While producing timepieces for travel and sporting applications remained a focus over the following decades, DOXA continued to develop watches for every type of customer. Innovations included a day-date complication with a separate hand to indicate the day of the month and a jumping seconds hand. In 1957, the brand unveils what would become an instant classic: the Bauhaus-inspired “Grafic” Collection. The DOXA SUB concept, launched in 1967, introduces the first truly purpose-designed, professional-grade diver’s watch available to the general public.
Developed in cooperation with the renowned sport diving organization US Divers, headed at the time by the legendary Jacques-Yves Cousteau, the DOXA SUB concept introduces radical innovations that make it the benchmark for professionals and military divers, too.
Today, DOXA ticks on with a deep respect its rich tradition and uncompromising attention to create watches for the successful woman and man of today.
A sense of commitment and independence
DOXA’s current CEO, Romeo F. Jenny, remains true to Georges Ducommun’s strategy of producing high quality watches at affordable prices.

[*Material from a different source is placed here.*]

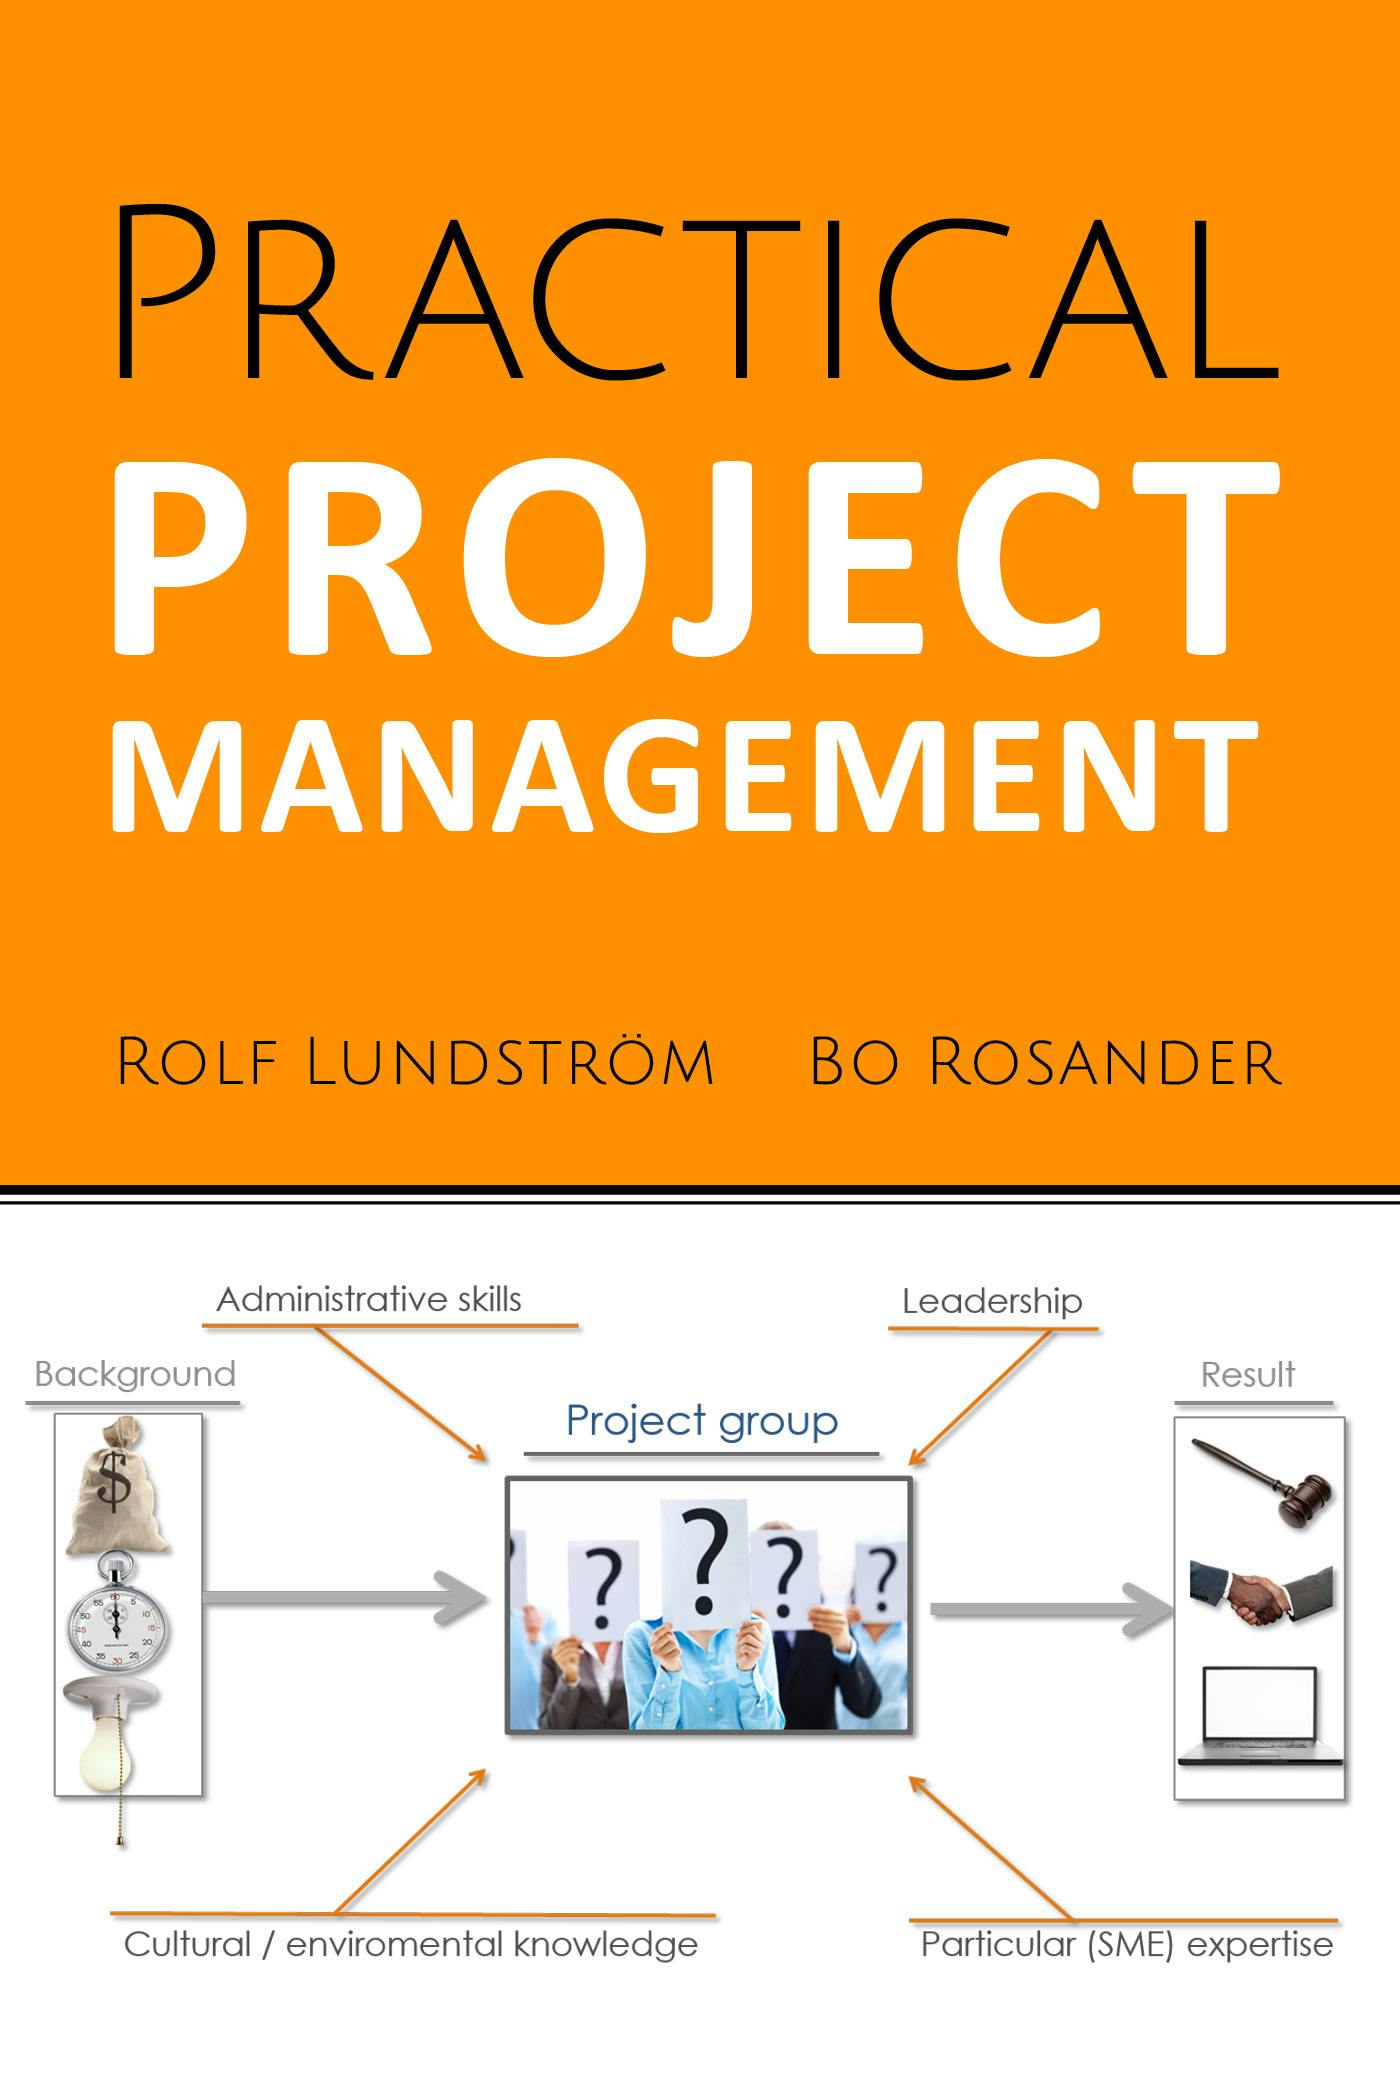 Practical Project Management - undefined

Part of this commitment is also DOXA’s requirement that all suppliers uphold strong ethical standards for socially and ecologically acceptable manufacturing, and DOXA’s support of marine biology research programs.
DOXA’s independent status enables the brand to act quickly and adapt to market changes – and focus its efforts on creating innovative watches that combine high precision and technical finesse with quality, reliability, functionality and style.
Building on a rich heritage, DOXA looks forward to a bright future. “In each one of our watches you can feel the special DOXA spirit that combines watchmaking expertise and pure passion for creating great timepieces. A DOXA watch inspires.”